You omitted в before с . The word is ЗдраВствуйте from здравие (=здоровье = health). Although the letter is silent, it should be there.

October 7, 2017


Why "Hi" is wrong? It has to be "Hello"?

October 17, 2017


I made the same mistake. "Hi" is too informal.

July 6, 2018


I've noticed in Russian on Duolingo sometimes it gets stuck asking the same question over and over again despite getting it correct. This is one such question it keeps getting me stuck on until I can test out of the lesson.

January 13, 2018


In the audio, the "я" blends together with "Иван" and it just sounds like it's saying "Hello, Ivan Chernov."

October 23, 2018


And here I thought привет was an unnecessarily difficult word for a simple greeting.

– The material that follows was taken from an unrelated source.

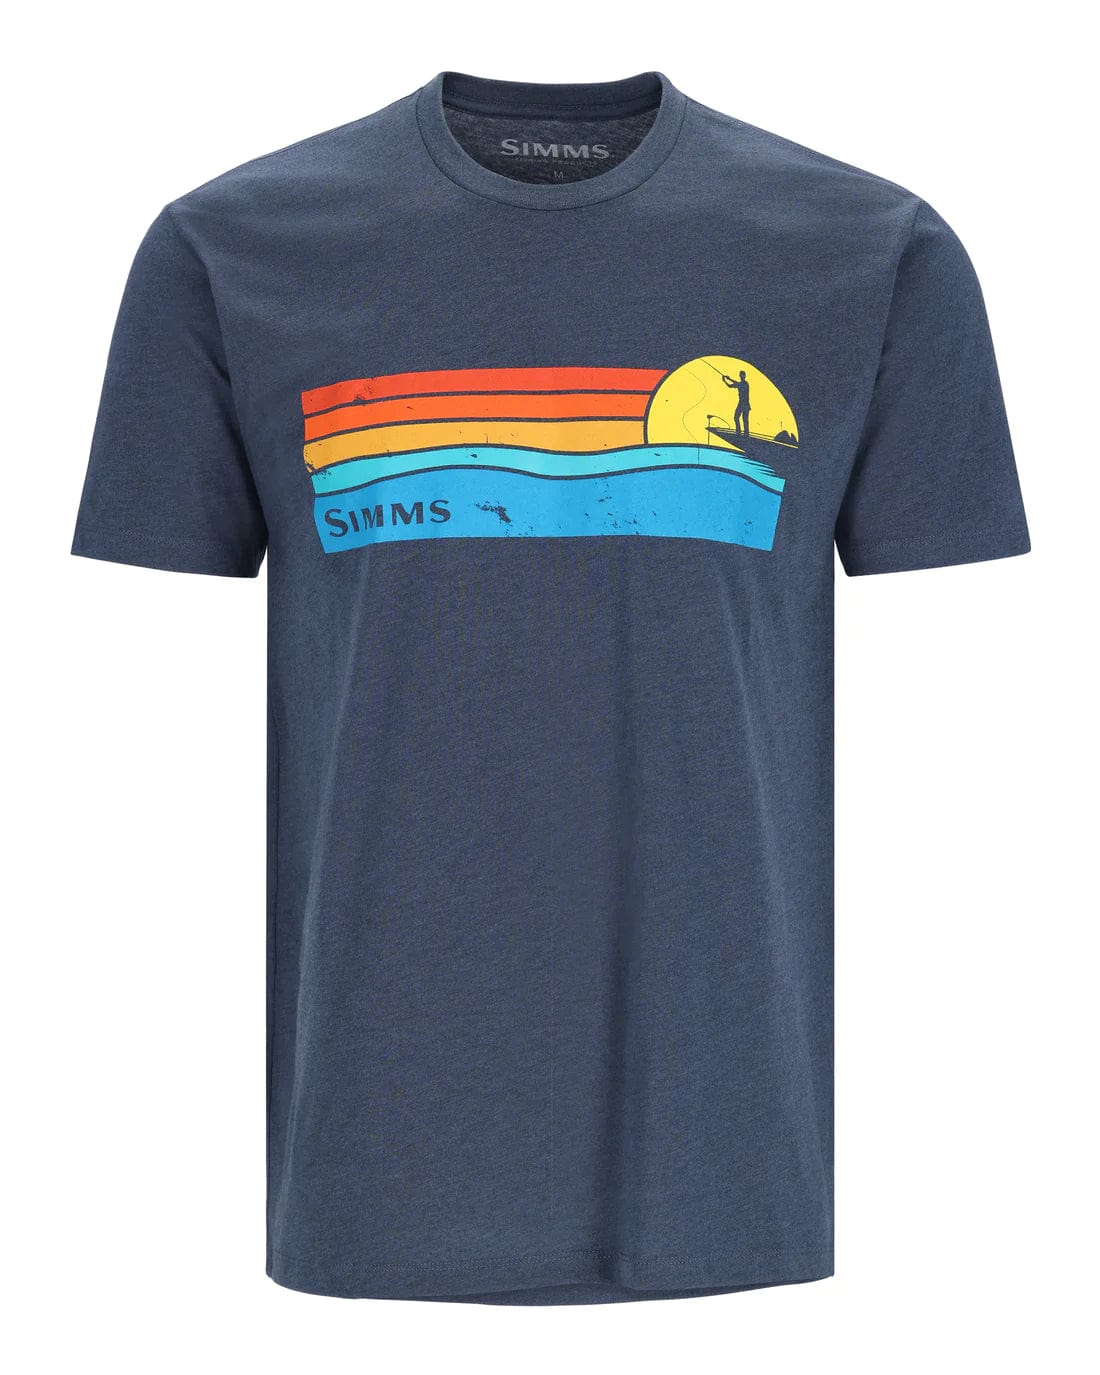 Simms Men's Sunset T-Shirt, Navy Heather / M
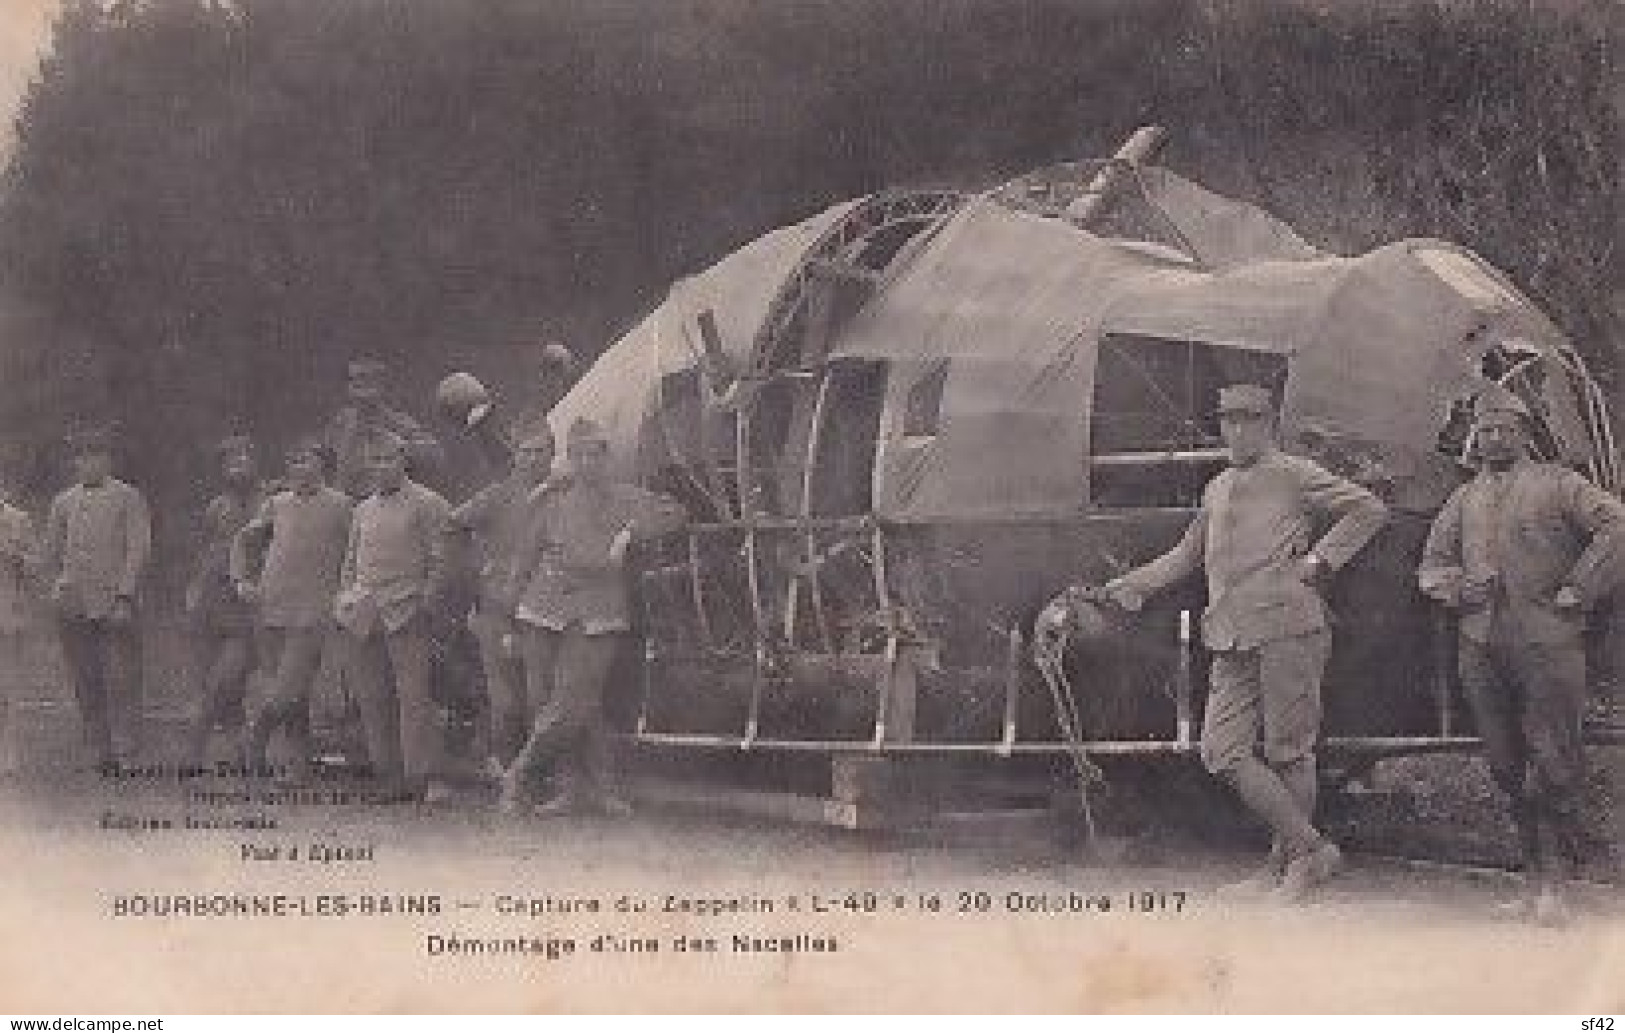 BOURBONNE LES BAINS         CAPTURE DU ZEPPELIN  L 49  LE 20 10 1917    DEMONTAGE D UNE NACELLE - Oorlog 1914-18

I'mma just pretend I never saw this word.

October 31, 2018


i think 'hi' is acceptable for здравствуйте

February 22, 2019


Hi I'm Ivan Tjernov, is as good but nobody listens and you are all wasting your time this is developing into doing what some beaurocrat found t be right not to improving the course and getiing on with our lives. Learning should be fun and not just doing as the teacher says when we all know that most questions have more than one correct answer todey in an other course it was abour little not being as good as small, a small girl is the same as a little girl, shecking out and unfollowing this discussion...........

February 22, 2019


Oof I think здравствуйте is a little bit too difficult to pronounce, at least it is for me... Send help

April 6, 2019


My answer: hi i am ivan chernov.

Incorrect, the answer is: Hello i am ivan chernov.


April 25, 2019


so many ivans here on russian duolingo today

June 22, 2019


When should you use: 1. The full name (a.k.a given name + patronymic + last name) 2. given name + patronymic 3. given name + last name?

June 28, 2019


So I don't know if this is anyone else, but i didn't hear the 'я' in the sentence, do you not say it or is it just really quiet?

July 6, 2019


can someone breakdown "Здравствуйте" ? I'm having difficulties pronouncing it.

July 11, 2019


The first в is not pronounced. Think of the sentence “I’m pleased, Rusty” the “-sed, Rust” part sounds almost the same as здравст- part. -вуйте part is unstressed and sounds similar to vuytse.

July 16, 2019


In English, you can introduce yourself in both ways.

September 1, 2019


Why I can't say: Hi, I'm Ivan Chernov?

October 4, 2019


You sure can.

October 4, 2019


The name could as well be Ivan Tjernov!!!!!!

April 18, 2018


In English tranliteration, it is either Tchernov or Chernov.

April 18, 2018


What's the difference between privyet and this word for hello here?

August 22, 2018


hello ,so difficult

September 1, 2018


So, mate, what is the difference between 'hi' and 'hello' in this case? Come on!

December 15, 2018


Read the many posts above that already cover this point.

January 2, 2019


I said "Hi I am Ivan Chernov" and it was marked incorrect. Are hi and hello diffrent?

January 2, 2019


Read the many posts above that already cover this point.

January 2, 2019


Ok, "Картошки" is correct, but "картофеля" is not?

June 19, 2017


What's the difference between: "здравсвуйте" and "привет"?

July 8, 2017


Read my answer to Winnie842357 above.